Summer Heat Dries Up the Flow of News
Important news for feed and grain industries still trickles through
Early this month I read a blog that said August was a notoriously slow news month. Congress is on summer hiatus, farmers are in the field and it seems like much of the country is taking that last summer vacation before school starts. Going through the headlines this week was a struggle to find relevant information for readers, a job I take seriously. What came out of my search were stories that may not have had gripping headlines, but ultimately may be tremendously important to the feed and grain industries’ present, and may be a look at what its future has in store.

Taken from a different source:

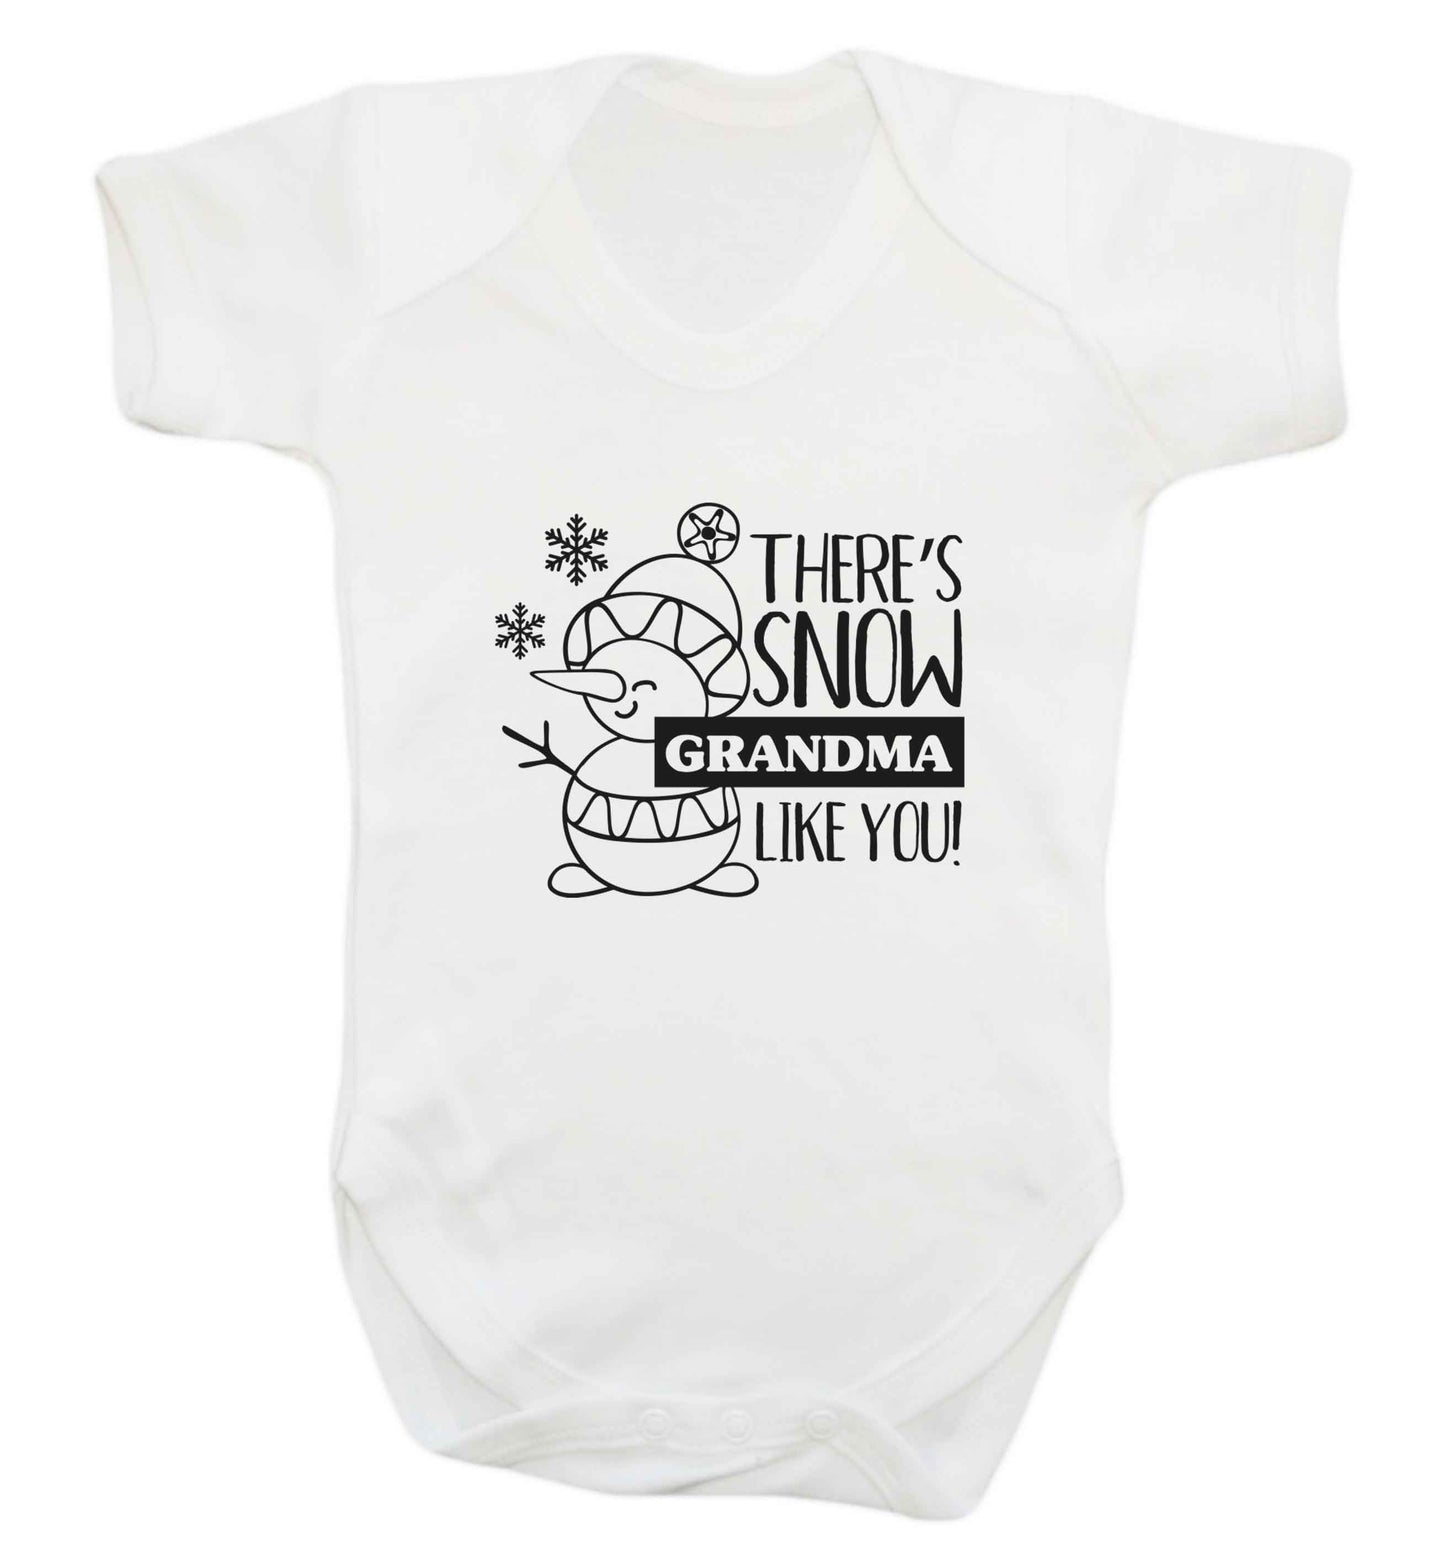 There's snow grandma like you baby vest white 18-24 months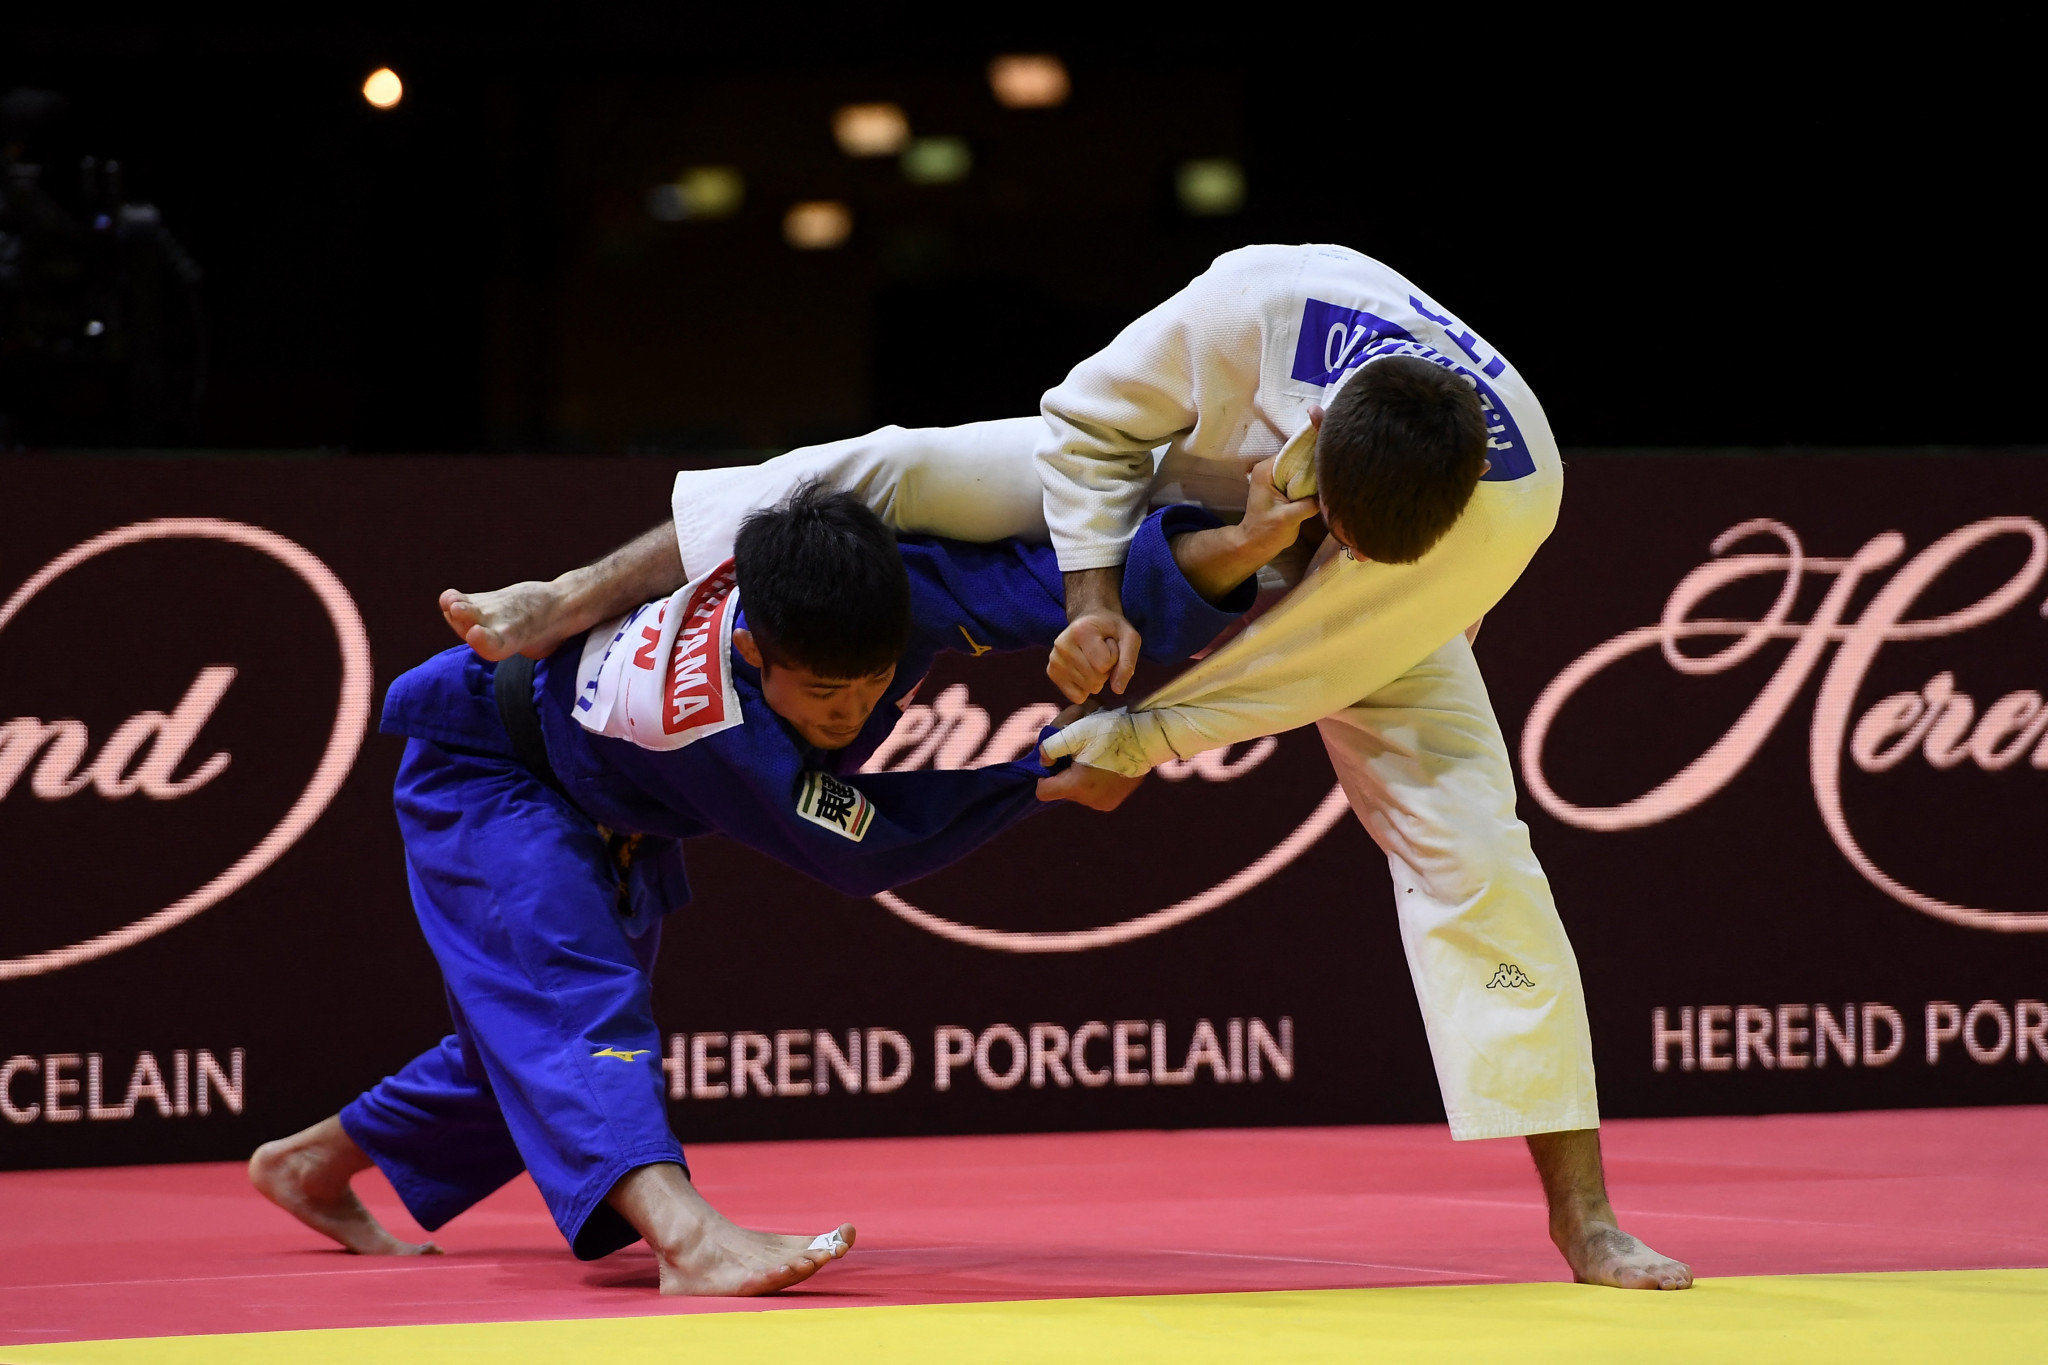 insidethegames is reporting LIVE on the IJF World Championships

- Tyson Suspends Use of Feed Supplement Zilmax
- USDA Survey Data Estimates Record Corn Crop
- Fire and Rescue Training Offered at Kansas State
- Brazils Second Crop Planting Shifts to Corn
- The FSMA Requires Neither a HACCP Plan Nor Certification
Tyson became the first of the leading four meat companies to ban the supplement Zilmax, used to add about 25 pounds of muscle per cattle carcass. Zilmax is widely used throughout the industry, and this announcement came as a surprise to many producers, who only have until Sept. 6 before Tyson stops accepting cattle fed Zilmax. Experts are concerned about the impact this will have on food prices, especially if the other large meat companies follow suit. Tyson’s official reason for banning the supplement is an increasing amount of cattle being brought to be processed that have difficulty walking, and in some cases are unable to move. Though it is unknown if Zilmax is to blame for this, Tyson's ban has attracted the attention of the FDA, who promised to . Merck & Co. have of the supplement, pending a scientific review of the drug. The reason behind the ban may be less benevolent than it appears, many experts are wondering if Tyson is simply trying to gain a larger share of the export market. Many nations have outlawed many, if not all, drugs used for the production of meat.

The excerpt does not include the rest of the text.